Creating A New Controller
Getting Started
1. Create your project
2. View your project in the browser. You should see a default page.
Create your Controller
Controllers are classes that inherit from ApplicationController.
Controllers in Rails have one or many actions. Each action is defined as a method inside the controller. Some standard actions are index, create, new, edit, show, update, and destroy. But you're not limited to using those names.
We will start with index, which can be used to display the main page in your application.
3. Create your first controller called HomeController.
Create a controller file in the app/controller folder. The file should always be named with lower case letters and underscores.
app/controllers/home_controller.rb
4. Create your controller, with an empty index method. In the home_controller.rb file add:
class HomeController < ApplicationController def index end end
Create your View
5. Create your first view, to be associated with the Home
controller and the index
action.
Create a new folder in app/views. The folder name should always be lower case and the name of your controller.
app/views/home
Create a file for your first action in the app/views/home folder. The filename should always be lower case and the name of the action.
app/views/home/index.html.rb
Each view created is associated with one controller action. You don't even really need to define a method in the associated controller: as long as the associated controller and route exist, Rails will pretend that the method exists, and is empty, and render as such.
Create your Route
A route is a path that points to an action for a specific controller. This controller and action pair (often stylized as controller#action) also indicates which view should be used, via the file naming conventions mentioned above.
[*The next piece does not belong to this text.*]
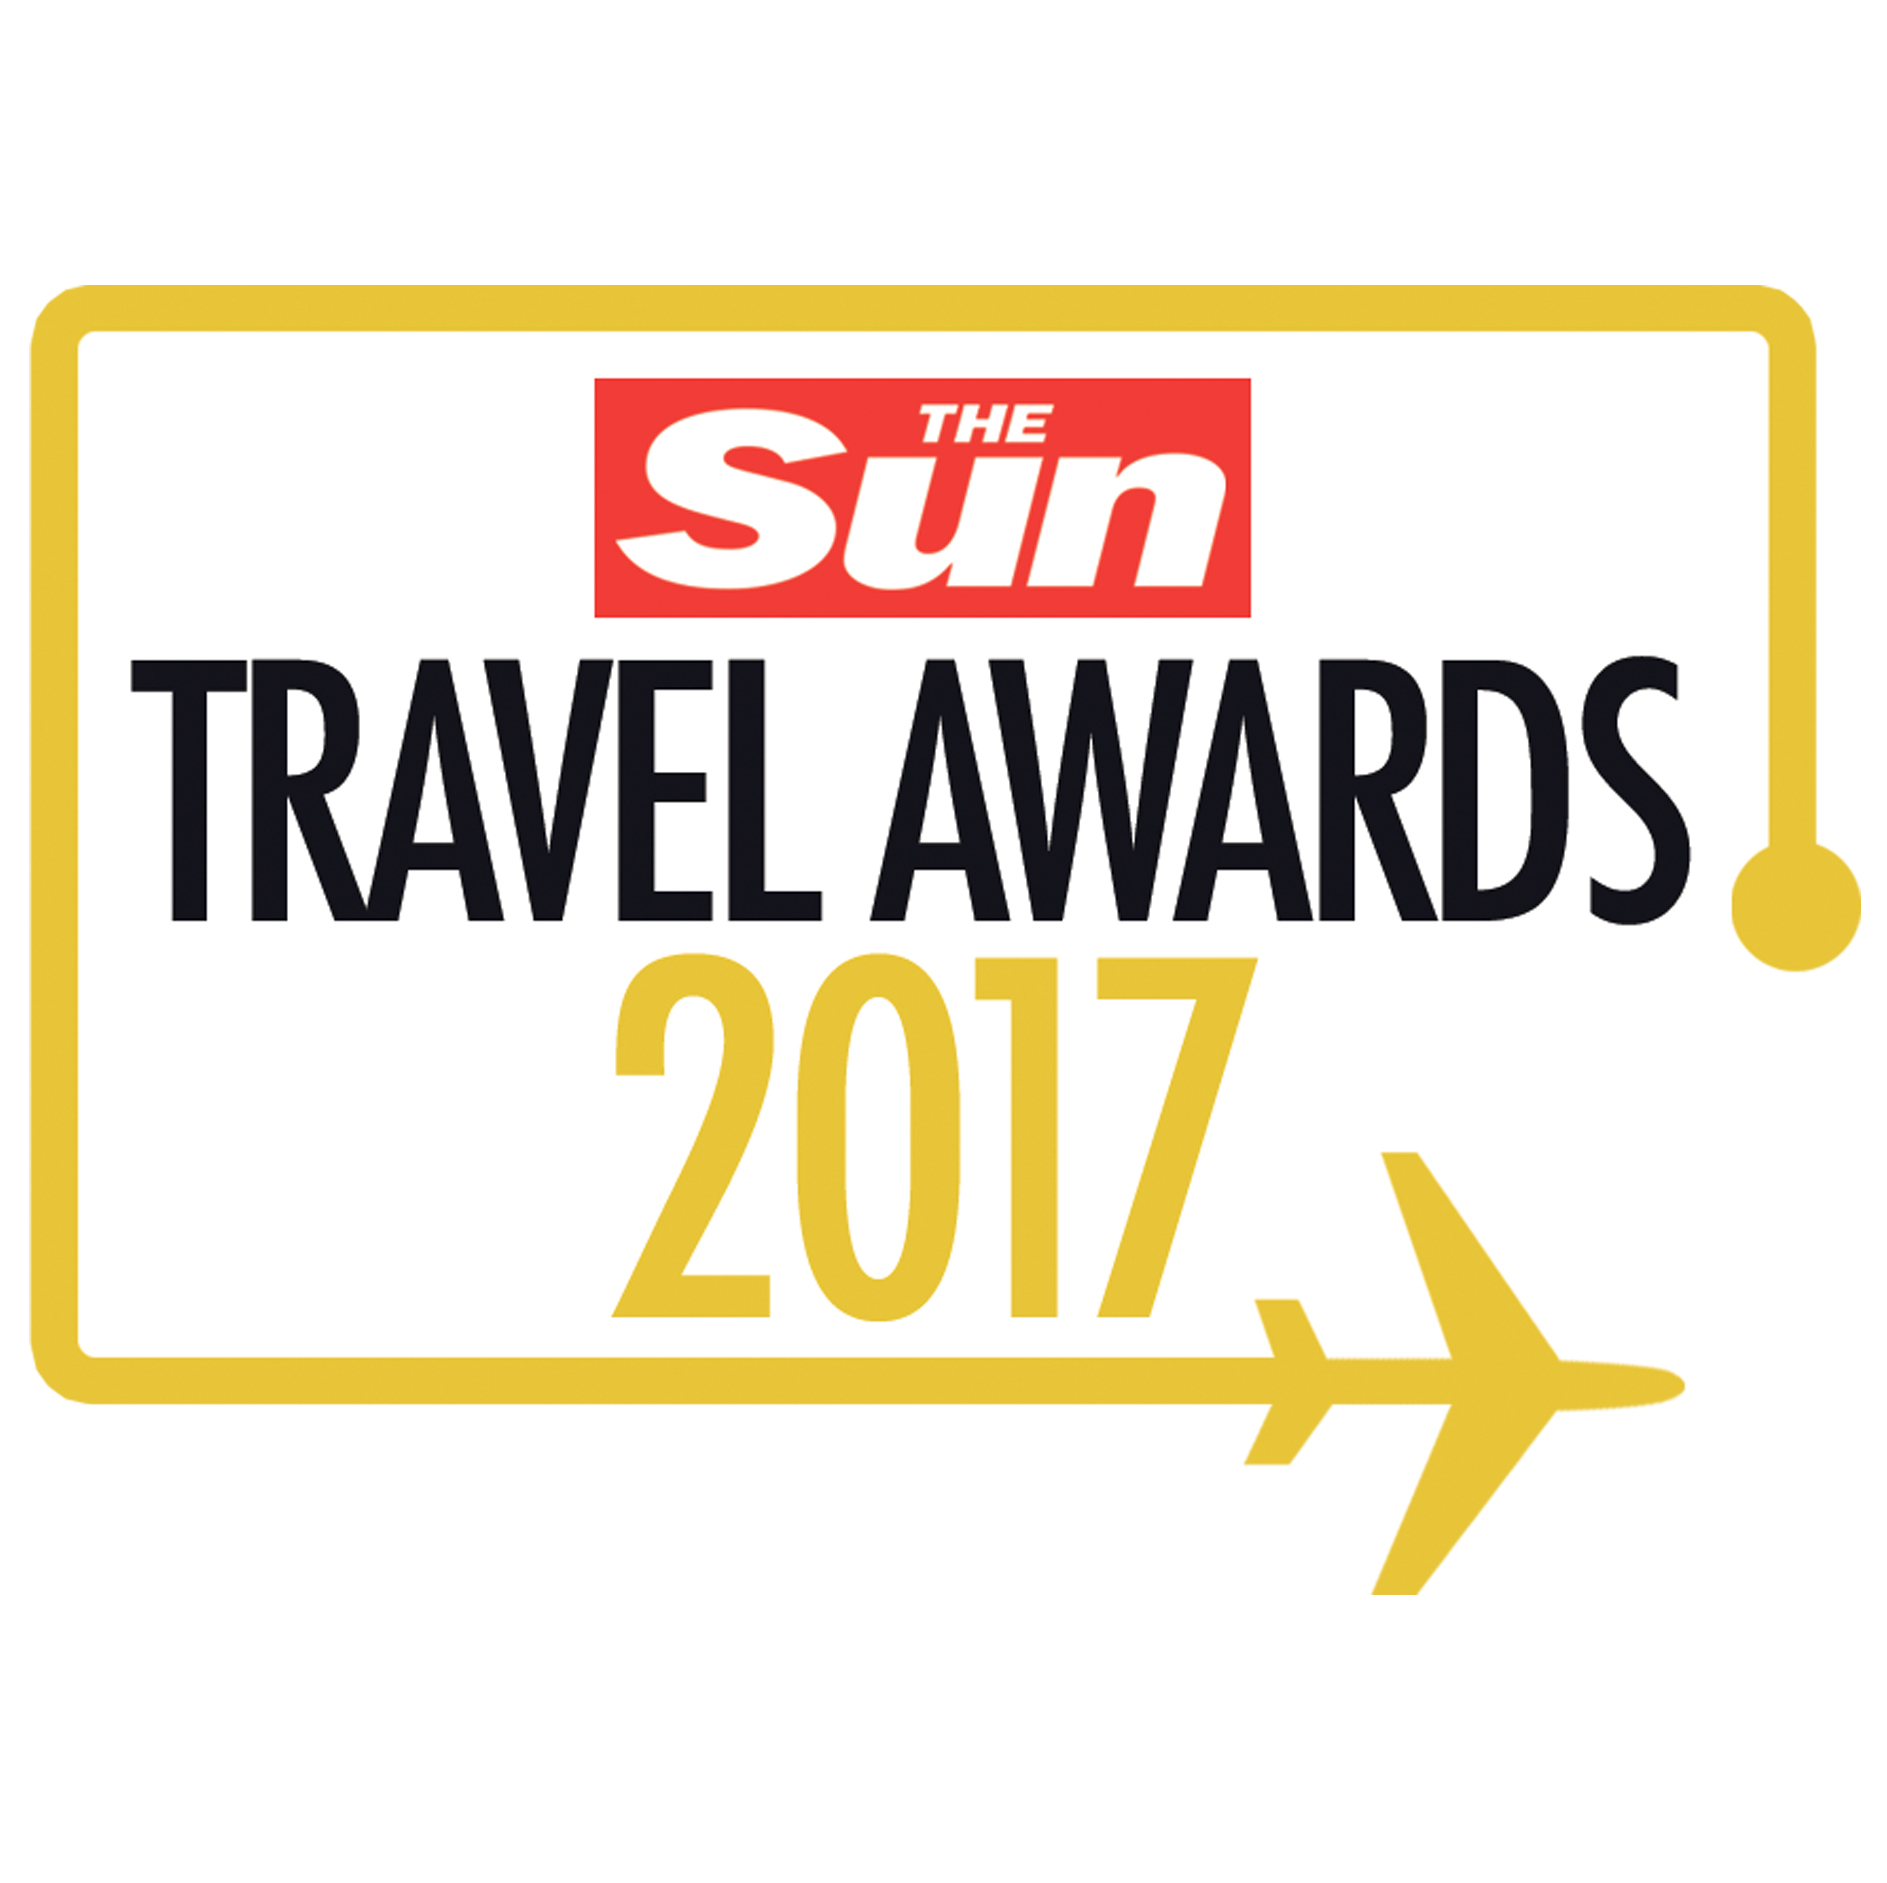 The Sun Travel Awards 2017 Winners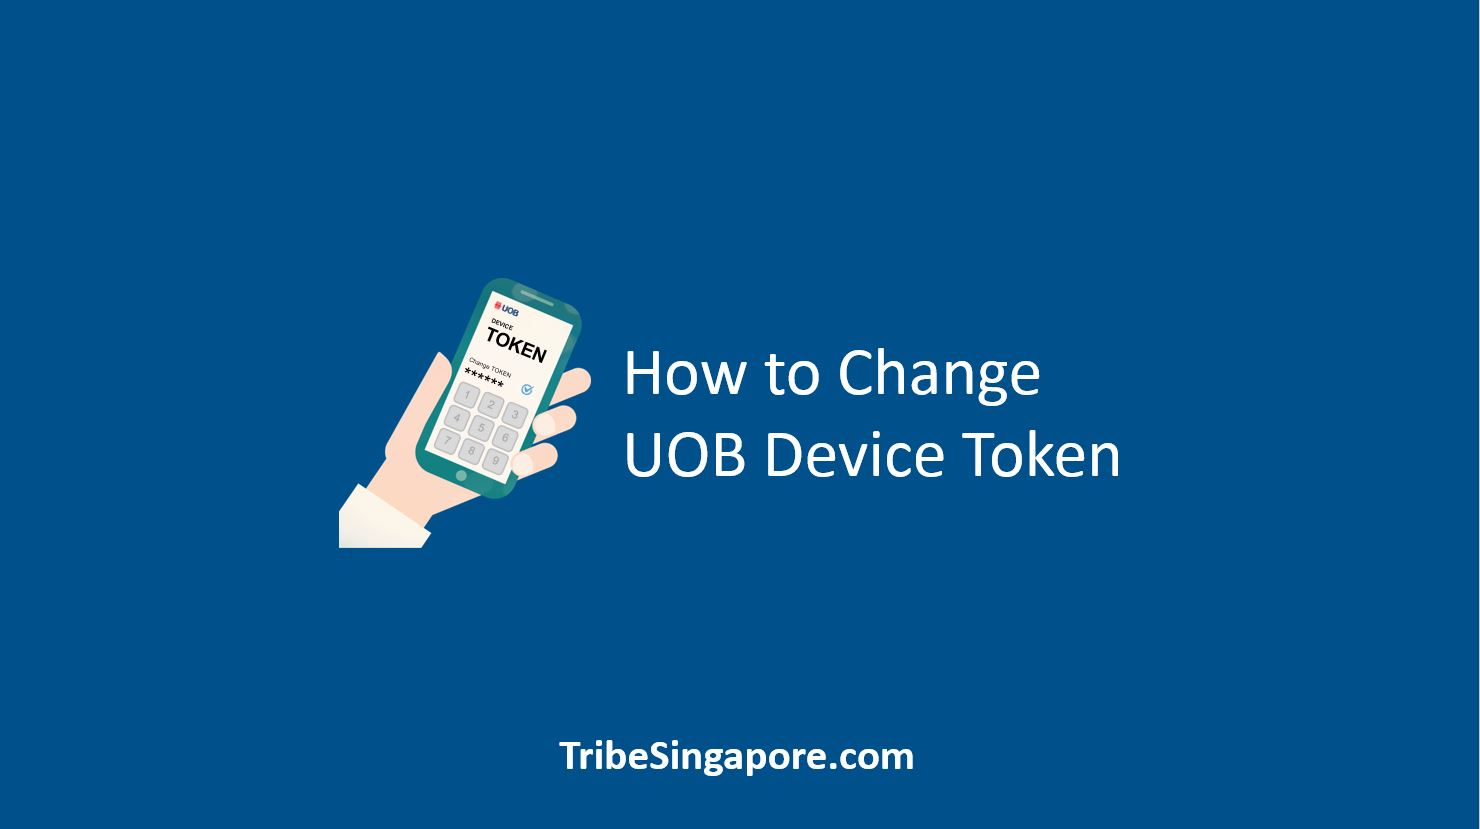 How to Change UOB Device Token

6. Edit routes.rb so that the base url points to your application entry point
root 'home#index'
NOTE: This says that your base url (i.e. root) should use the index
action of the home
controller. The view used will be the file in the app/views/home folder with name index
(e.g. app/views/home/index.html.erb).
Each subsequent route should be defined in a similar way:
get 'about' => 'home#about'
NOTE: This says that the base url with /about on the end will direct to the about
action in the home
controller.
Test your new Controller
7. Go back to your project in the browser and confirm that on the root path you now see the content from your index.html.erb file instead of the default Rails welcome page.
8. Add an about
action to the Home controller and test that you can see it at the /about path in the web browser.